> **Task description**:
Full transcription, minus images: write out the listing below exactly as it appears.

> **Given data**:
──────────────────────────────
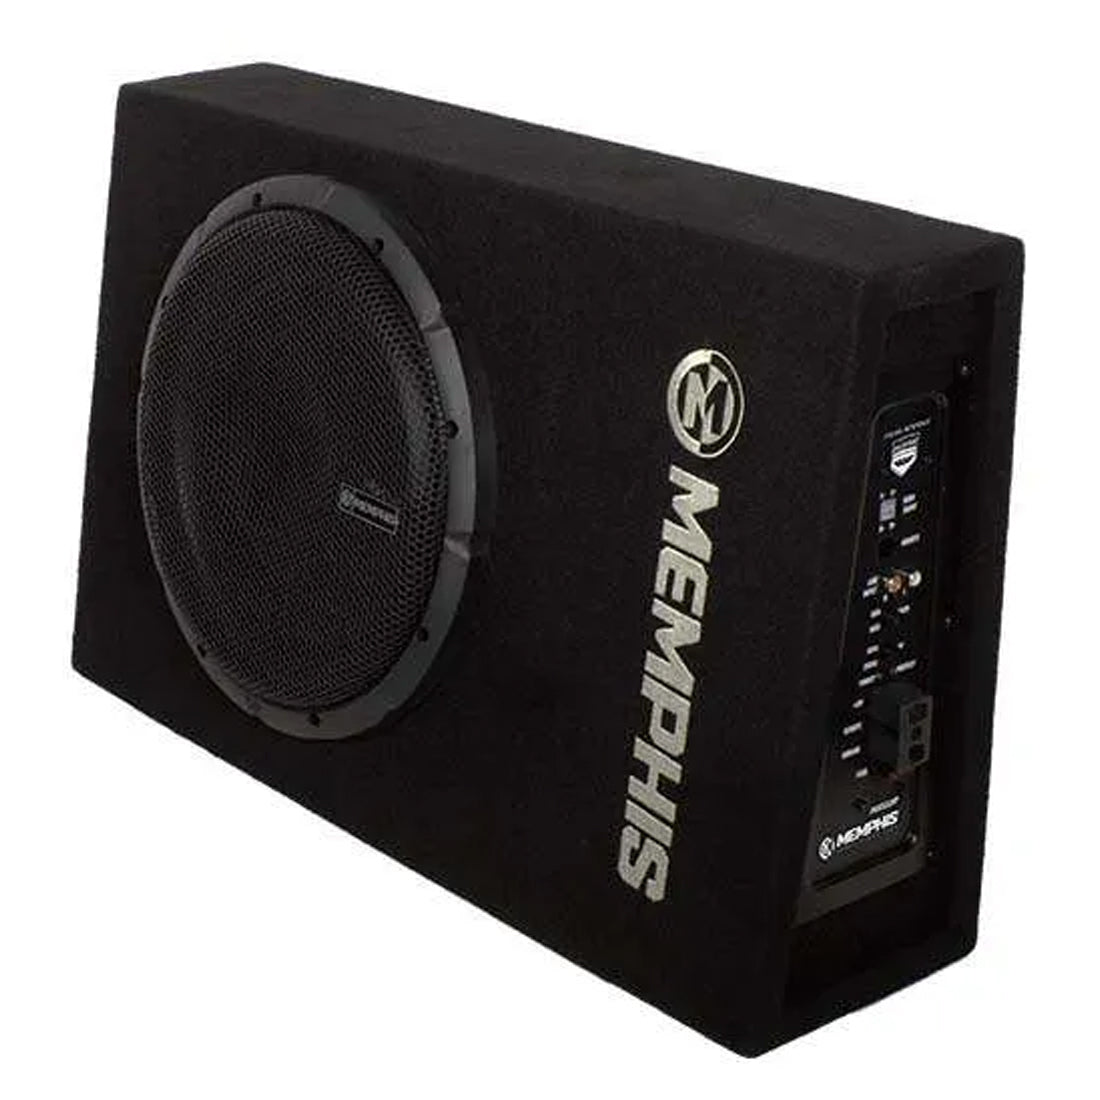 Memphis Audio PRXS112SP Power Reference 12" Shallow Loaded Subwoofer Enclosure
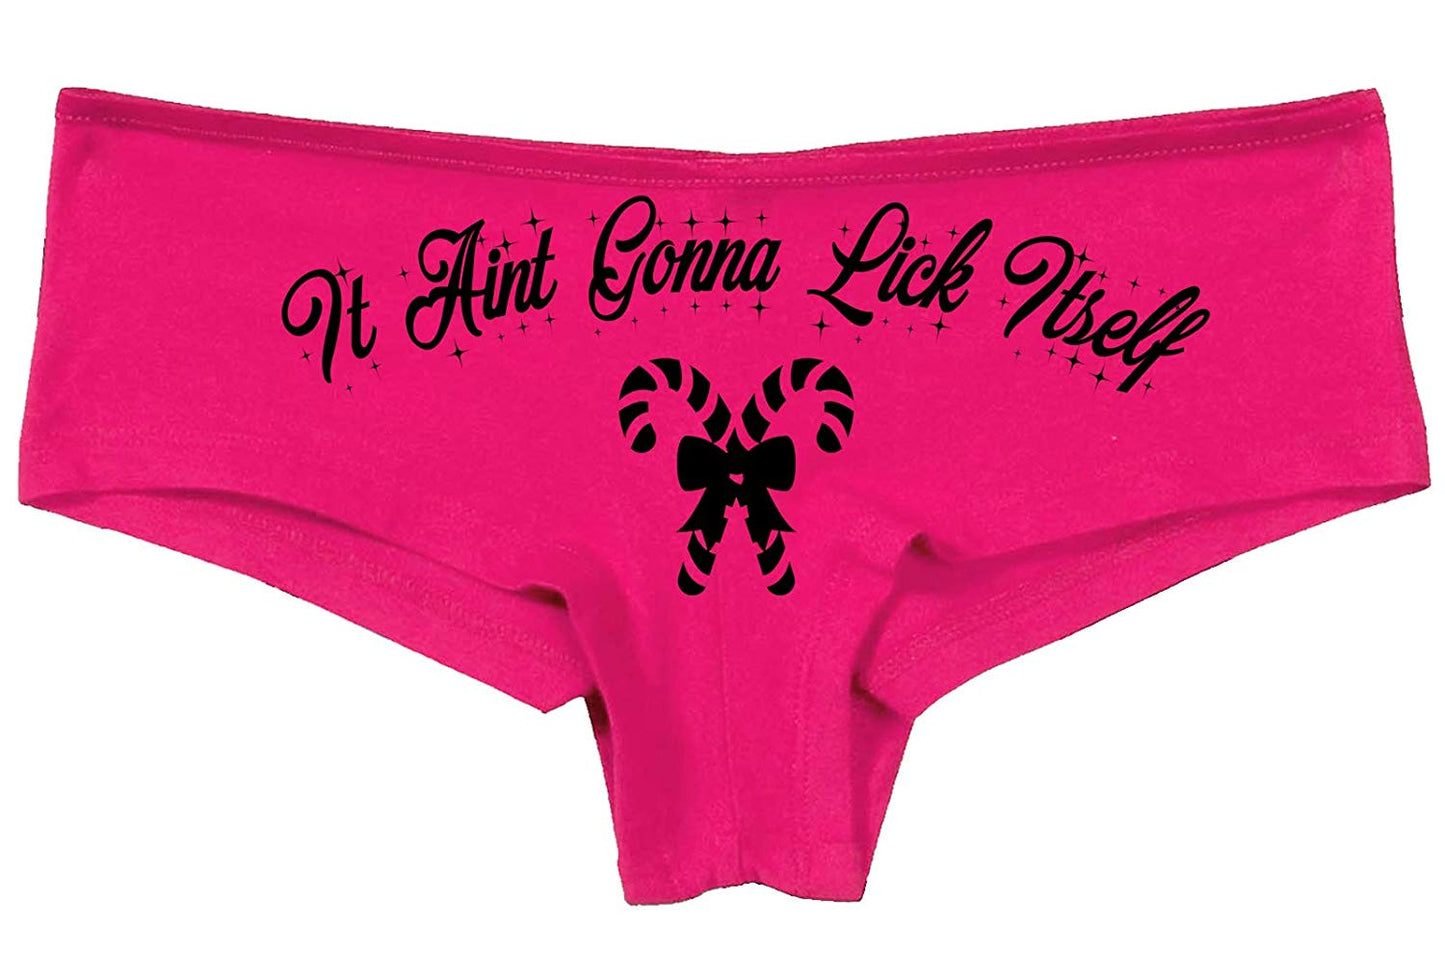 Knaughty Knickers Christmas Funny Pink Panties Aint isn't Gonna Lick Itself Candy
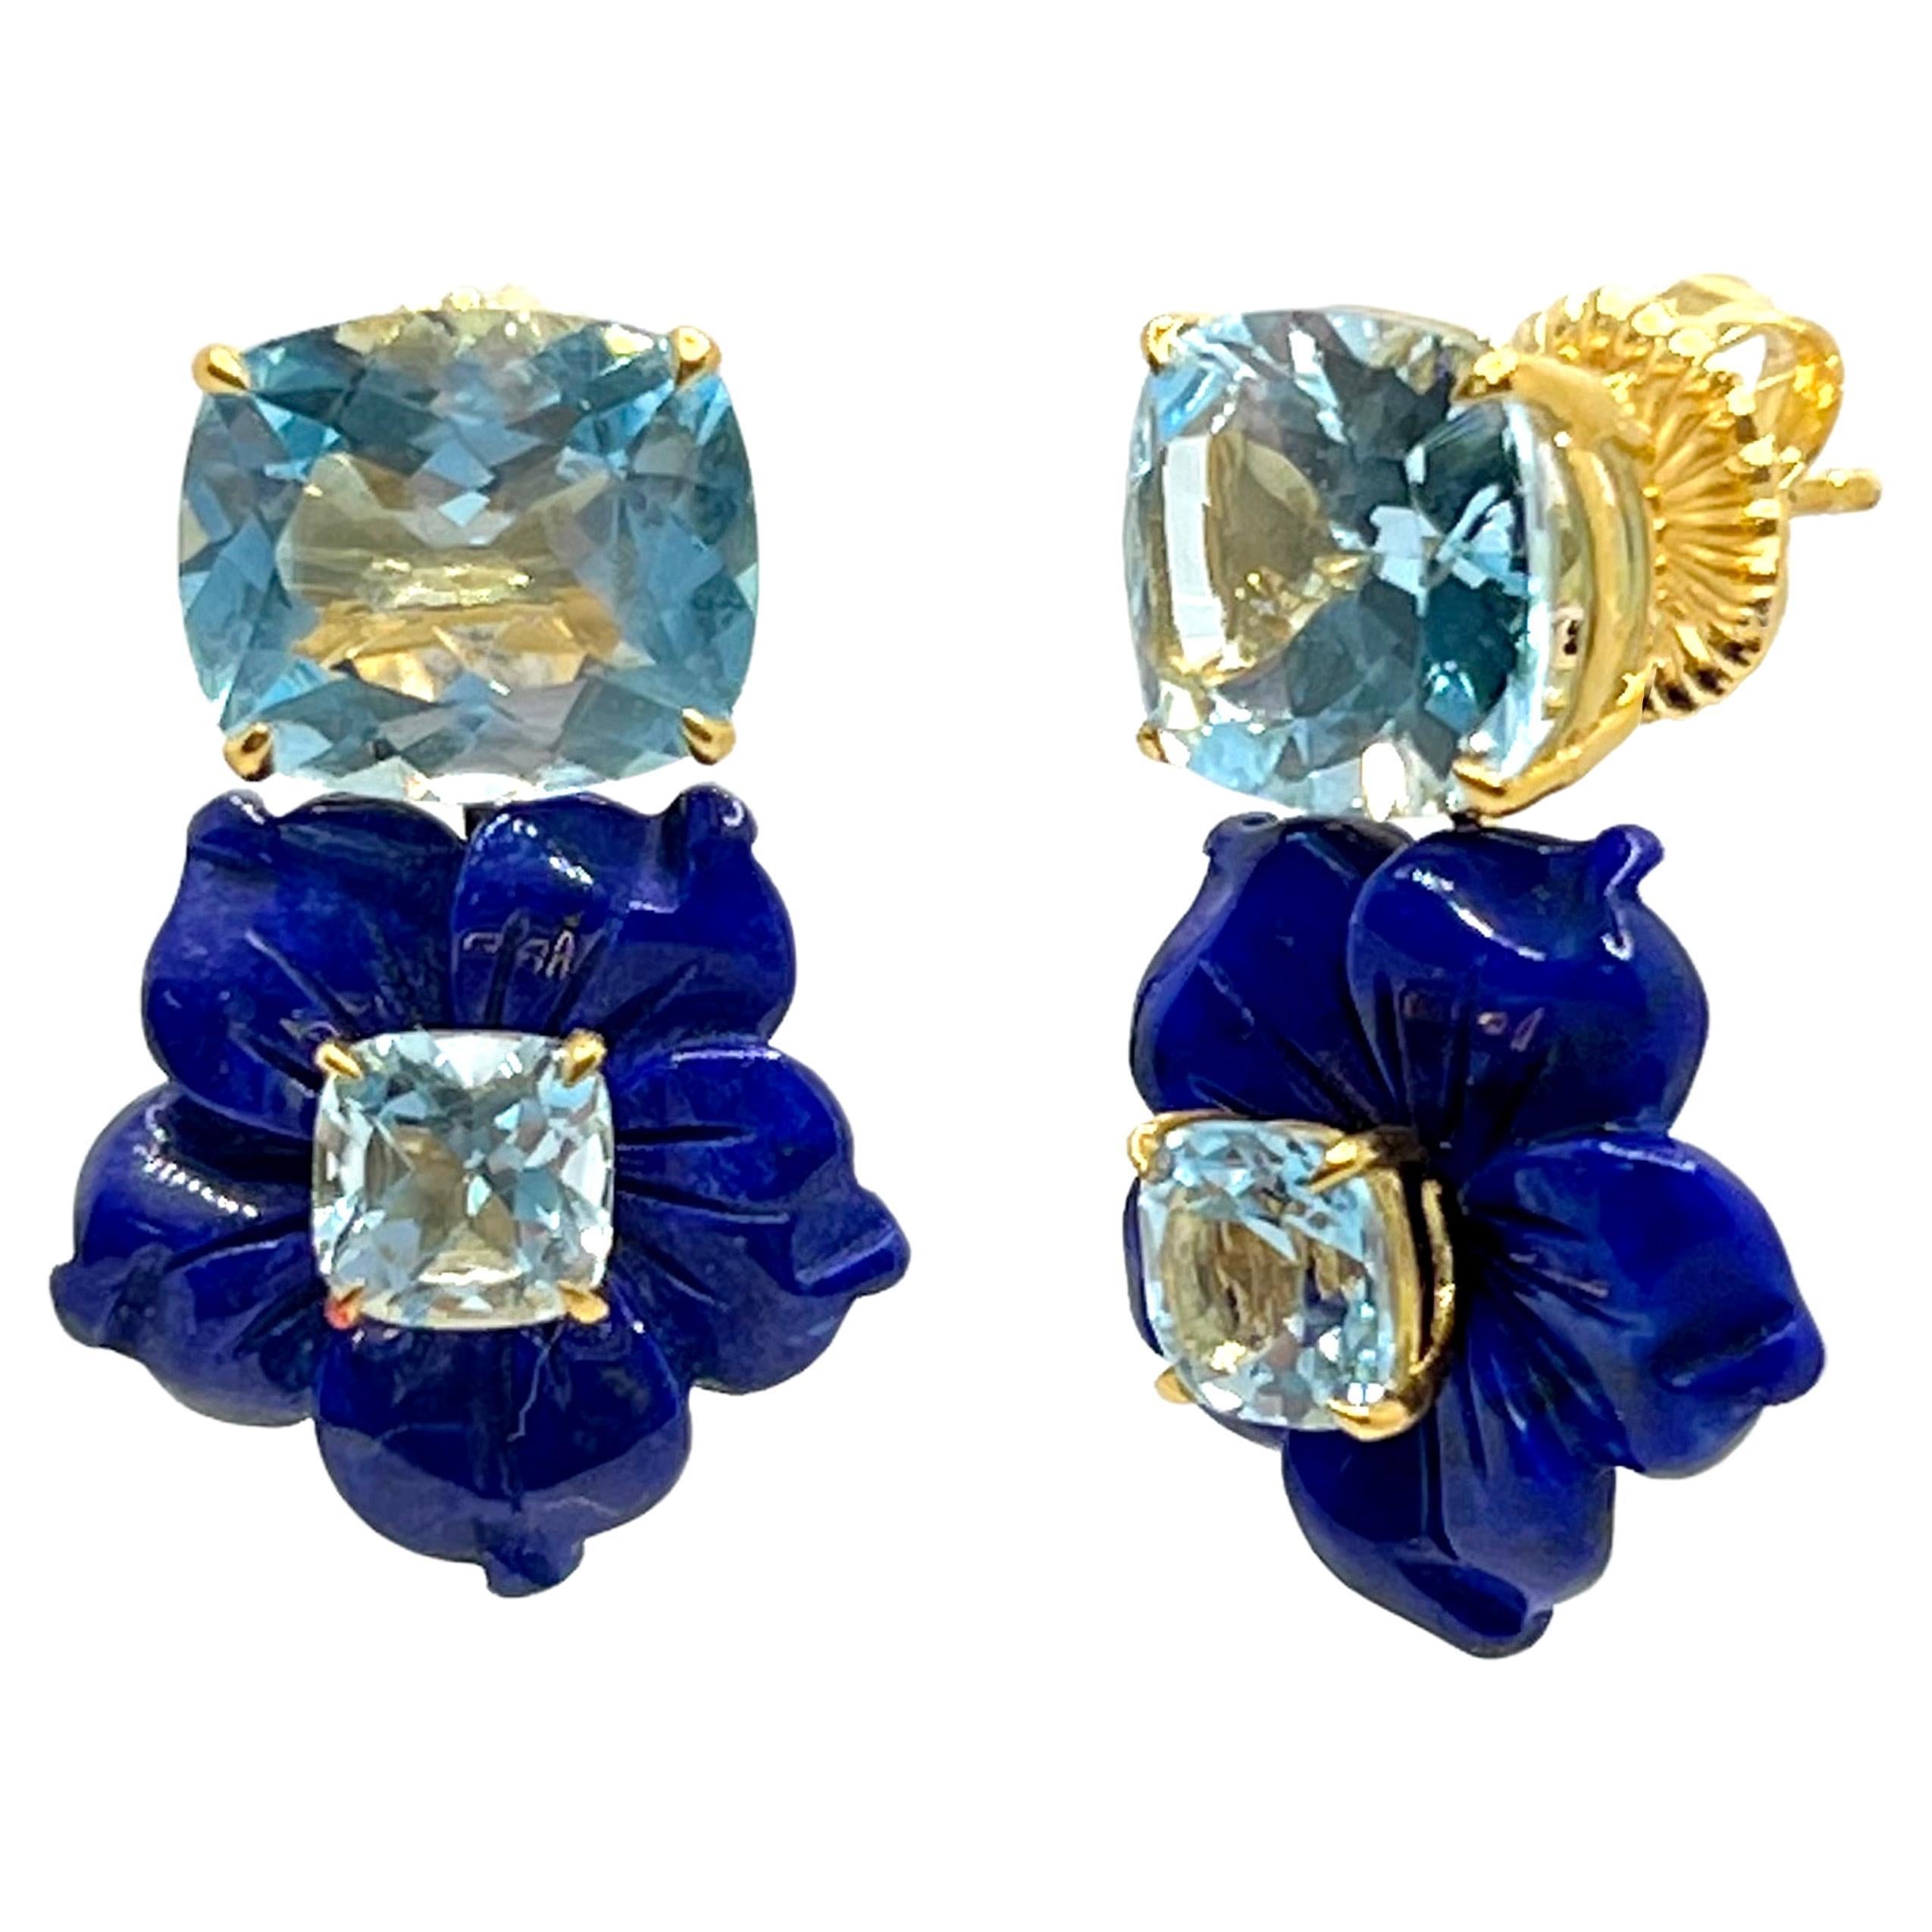 Stunning Cushion-cut Blue Topaz and Carved Lapis Lazuli Flower Drop Earrings For Sale
──────────────────────────────
> **Written response**:
 Memphis Audio PRXS112SP Power Reference 12" Shallow Loaded Subwoofer Enclosure
 Knaughty Knickers Christmas Funny Pink Panties Aint isn't Gonna Lick Itself Candy
 Stunning Cushion-cut Blue Topaz and Carved Lapis Lazuli Flower Drop Earrings For Sale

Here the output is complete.